Twenty years ago, in 1994, Campbell et al. [34] reported a complication rate after open PN of 37 % for symptomatic tumors and of 22 % for incidental tumors. Van Poppel et al. [35] compared the complication rate of elective open NSS surgery and RN for low stage, incidentally detected, solitary, small (<5 cm) RCCs in a prospective study in the presence of a normal contralateral kidney concluding that NSS can be performed safely in this patient group with slightly higher complication rates after RN. Stephenson et al. [36] stated that either tumor size, tumor location (central vs. polar) or imperative versus elective indication were associated with complications of PN, while at multivariate analysis operative timed solitary kidney were significantly associated with procedure-related complications of PN.
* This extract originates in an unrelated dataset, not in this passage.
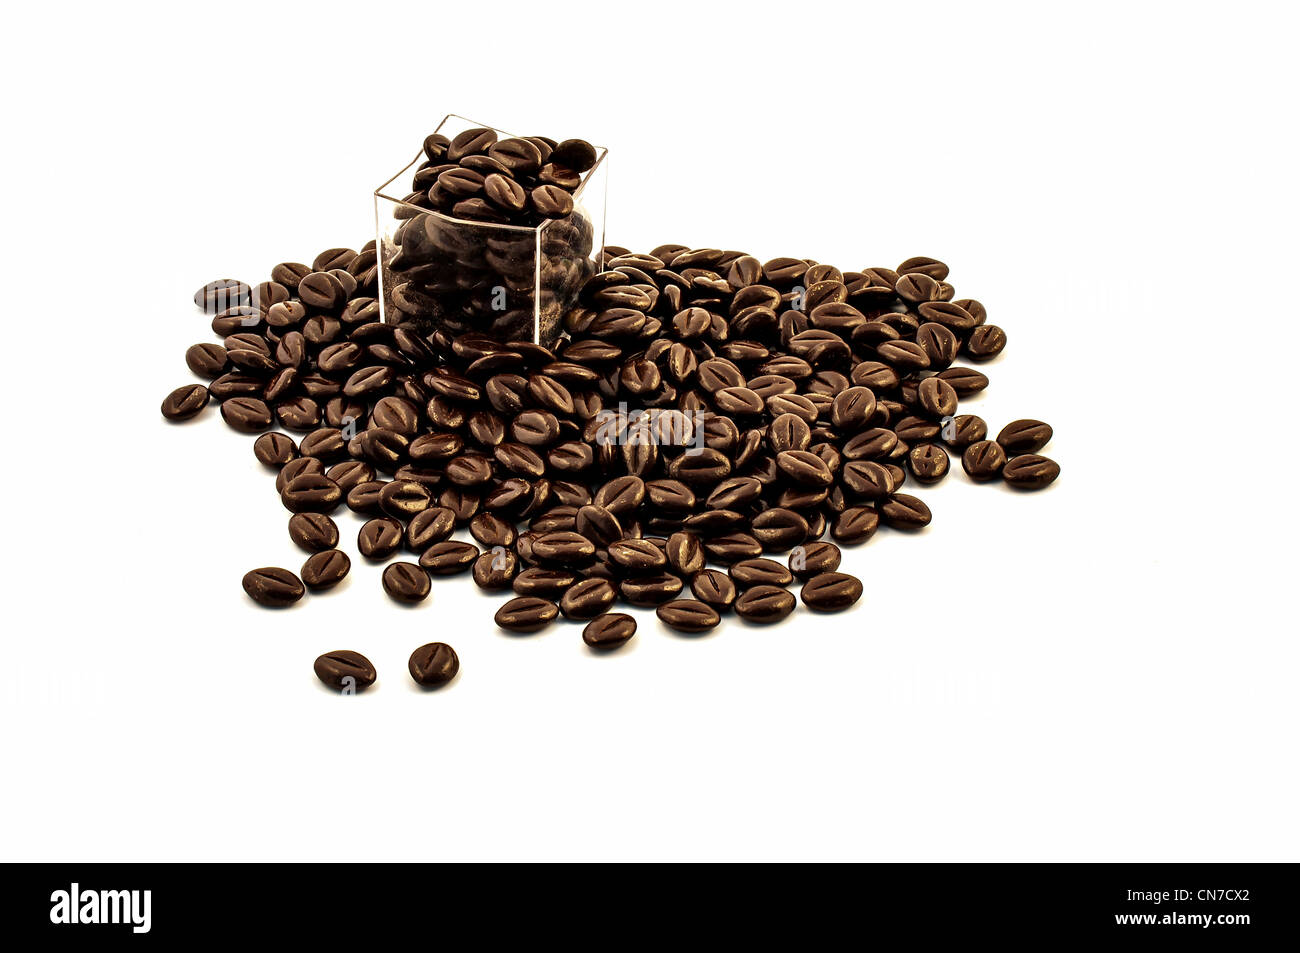 Groupe de grains de café au chocolat isolé sur fond blanc Banque D'Images

Published data from patients with tumors >4 cm identify a 12 % rate of surgical complication rate of surgical complications and a 5 % rate of urinary fistula for OPN; complication rates for laparoscopic series appear to range from 20 to 37 % with a urinary fistula rate of 7 %. This appear comparable with the single study of robot-assisted PN for tumors >4 cm that cites a urinary fistula of 5 % [36, 37]. On the other hand, considering renal function, at 6–12 months, open PN has a significantly lower creatinine level compared with laparoscopic radical nephrectomy patients [38]. This information must be given to patients when they are informed about the short-term risks of the two different approaches.

Open versus laparoscopic partial nephrectomy

Laparoscopic PN (LPN) for renal cancer was introduced in 1993 [39] but remained controversial until approximately a decade later, when larger series with long follow-up showed the oncologic safety of the laparoscopic approach and the possibility to duplicate the open PN technique [40, 41].

Nevertheless, owing to its technical difficulty and steep learning curve, LPN remained restricted mostly to reference centers. Several studies have alluded to the prolonged learning curve of LPN, especially in comparison with the relative ease of laparoscopic radical nephrectomy [15, 42]. Thus, the rise in LPN appeared offset by a concomitant rise in LPN. The relatively slower uptake of LPN likely reflects the substantial technical expertise (i.e., hilar clamping, intracorporeal suturing) required to perform complex surgery [43]. Laparoscopy can duplicate the results of most open surgeries: Some previous studies showed that LPN was associated with less postoperative analgesic requirement, earlier hospital discharge and more rapid convalescence. However, the major challenges for the laparoscopic surgeon performing LPN are hemostasis, longer operative time and the avoidance of ischemic damage. For these reasons, LPN continues to be performed in a minority of centers. Major concerns against LPN obviously regard complications, including (a) bowel injury, (b) bleeding, (c) tumor spillage, and (d) increased ischemia time [4446]. Bowel injury during LPN is one of the most feared complications as high as 0.8 % due to thermal damage (50 %) and traumatic access (32 %) [47]. Unfortunately, the majority of bowel injuries are not recognized intraoperative becoming evident in the postoperative period only, usually after an uneventful course as peritonitis. Bleeding during LPN is a major issue although improved surgical techniques and skills together with the use of new hemostatic sealants such as fibrin glue-coated collagen patch, which contains purely human coagulation factor components, can be helpful to minimize this risk [48]. The risk of tumor spillage at port sites was initially suspected in the first era of LPN, luckily not confirmed [49]. The detrimental effect of warm ischemia on renal function has long been recognized. Traditionally, 30 min of warm ischemia has been considered to be the maximum ischemic insult a normal kidney can be exposed to without permanent loss of function [50].

More recent data suggest that this is 20 min at most, but every minute of ischemia even below this limit is damaging. In OPN, this can in part be compensated by slush ice cooling of the kidney, but in spite of this, OPN techniques avoiding renal ischemia altogether are finding increasing interest. It is worth noting that the concern for increased warm ischemia time (WIT) in patients undergoing LPN is more than 50 %. Preservation of maximum functional kidney tissue is one of the goals in PN; however, longer warm ischemia times have been reported with LPN compared to open NSS [23].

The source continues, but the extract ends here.